> [Data block]

══════

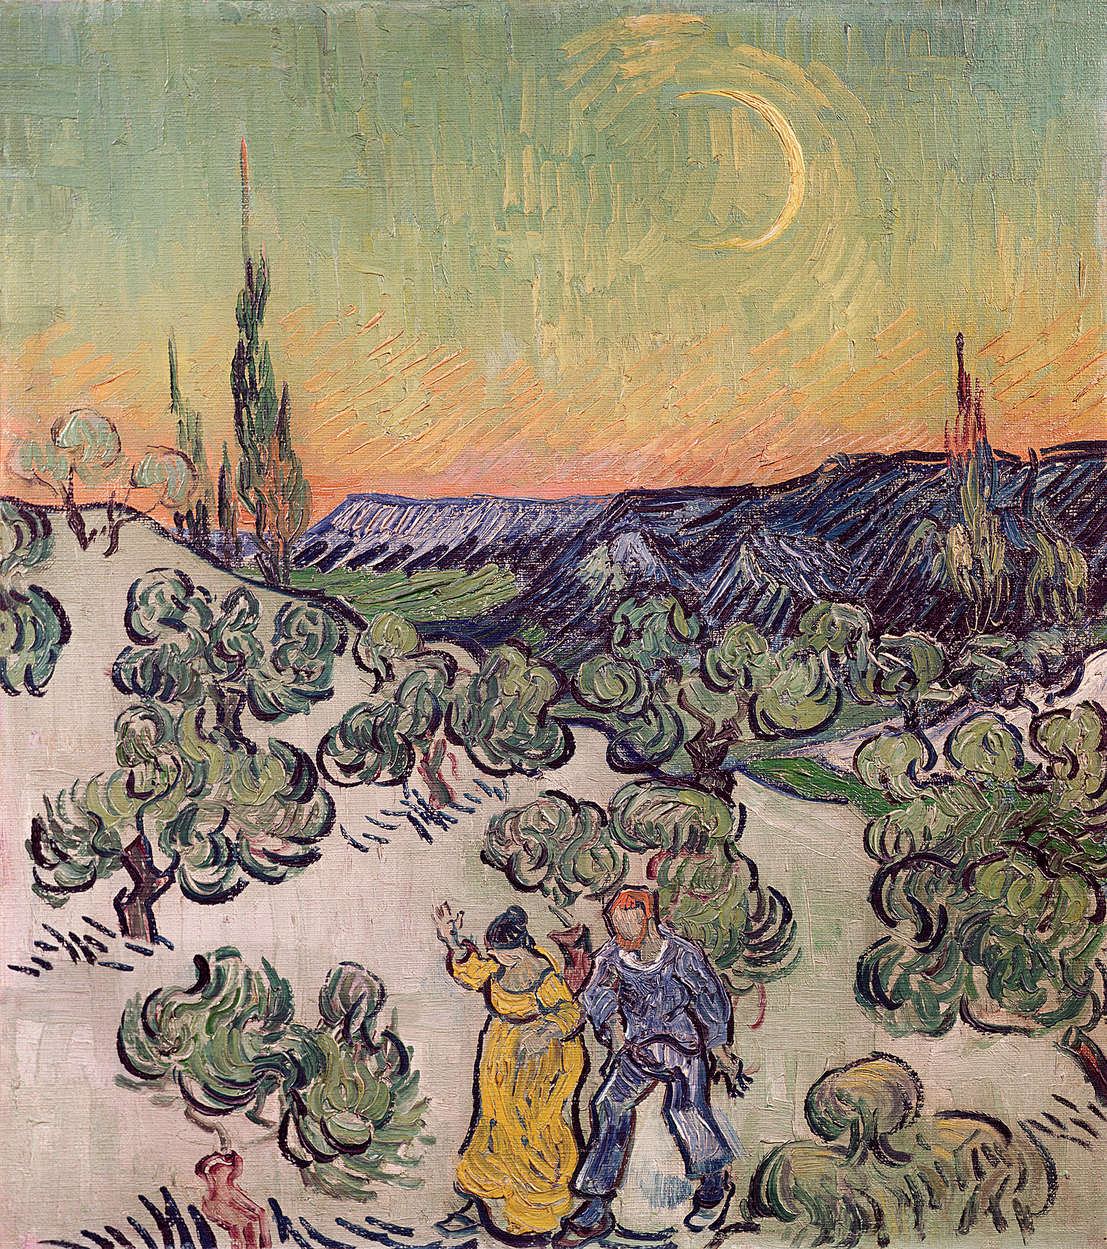             Fotomurali "Paesaggio con fabbriche al chiaro di luna" di Vincent van Gogh
        
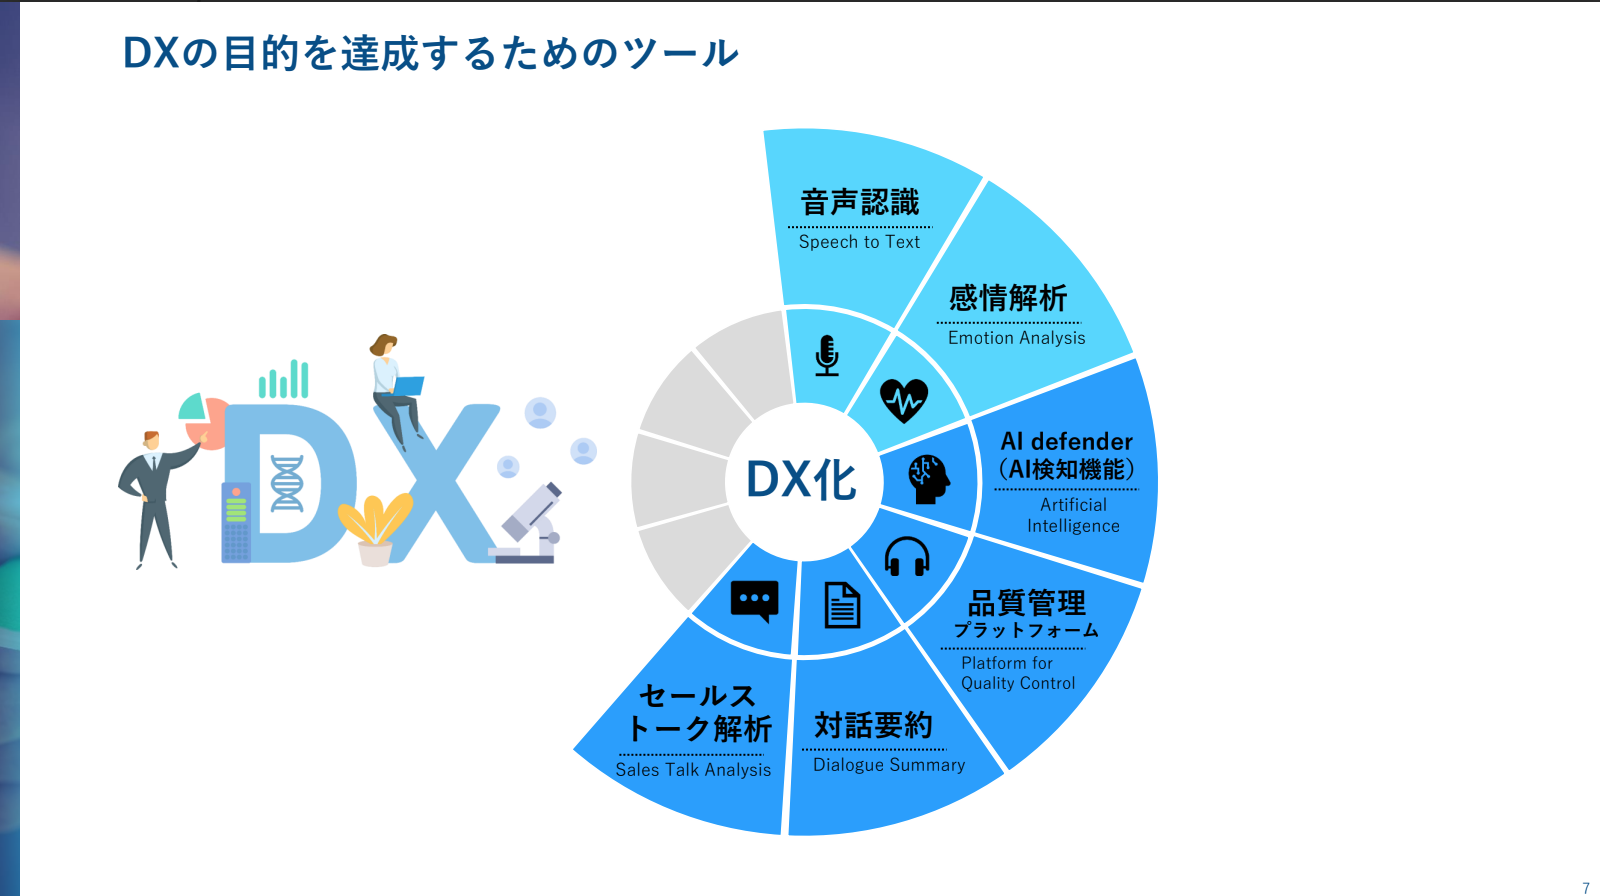 DXの目的を達成するためのツール
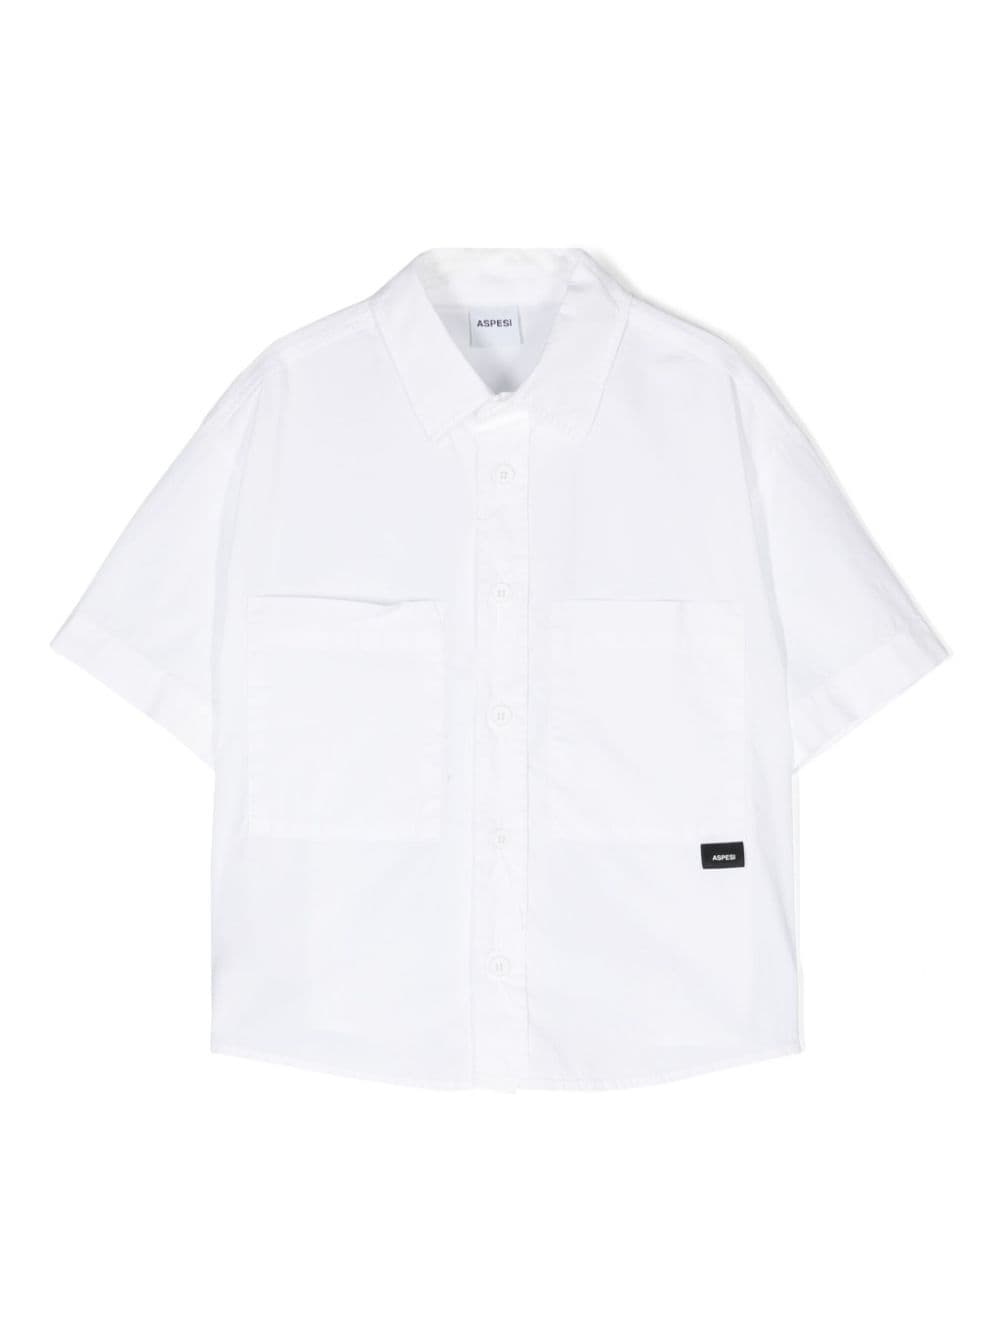 Aspesi Kids logo-tag poplin shirt - White
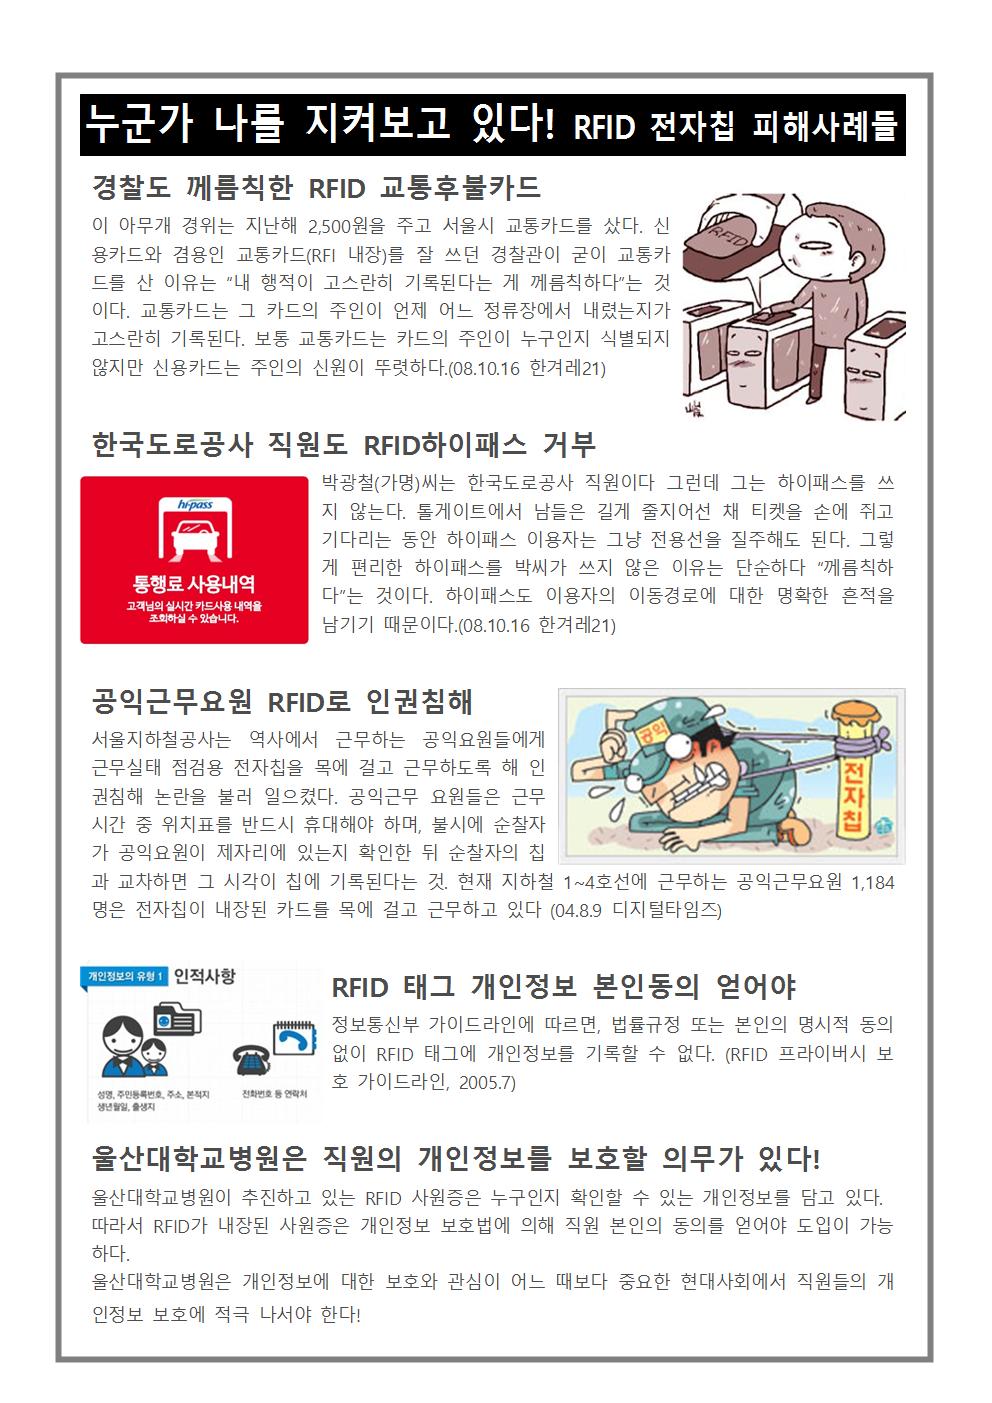 울산대병원분회 2017 주간통신 14호 뒤001.jpg

══════

> [Aim of the exercise]
Everything from the line with "Aspesi Kids logo-tag poplin shirt - White" through the last line of the listing should be retyped exactly, with both end lines kept and the pictures left out.

> [Answer to this exercise]
 Aspesi Kids logo-tag poplin shirt - White
 울산대병원분회 2017 주간통신 14호 뒤001.jpg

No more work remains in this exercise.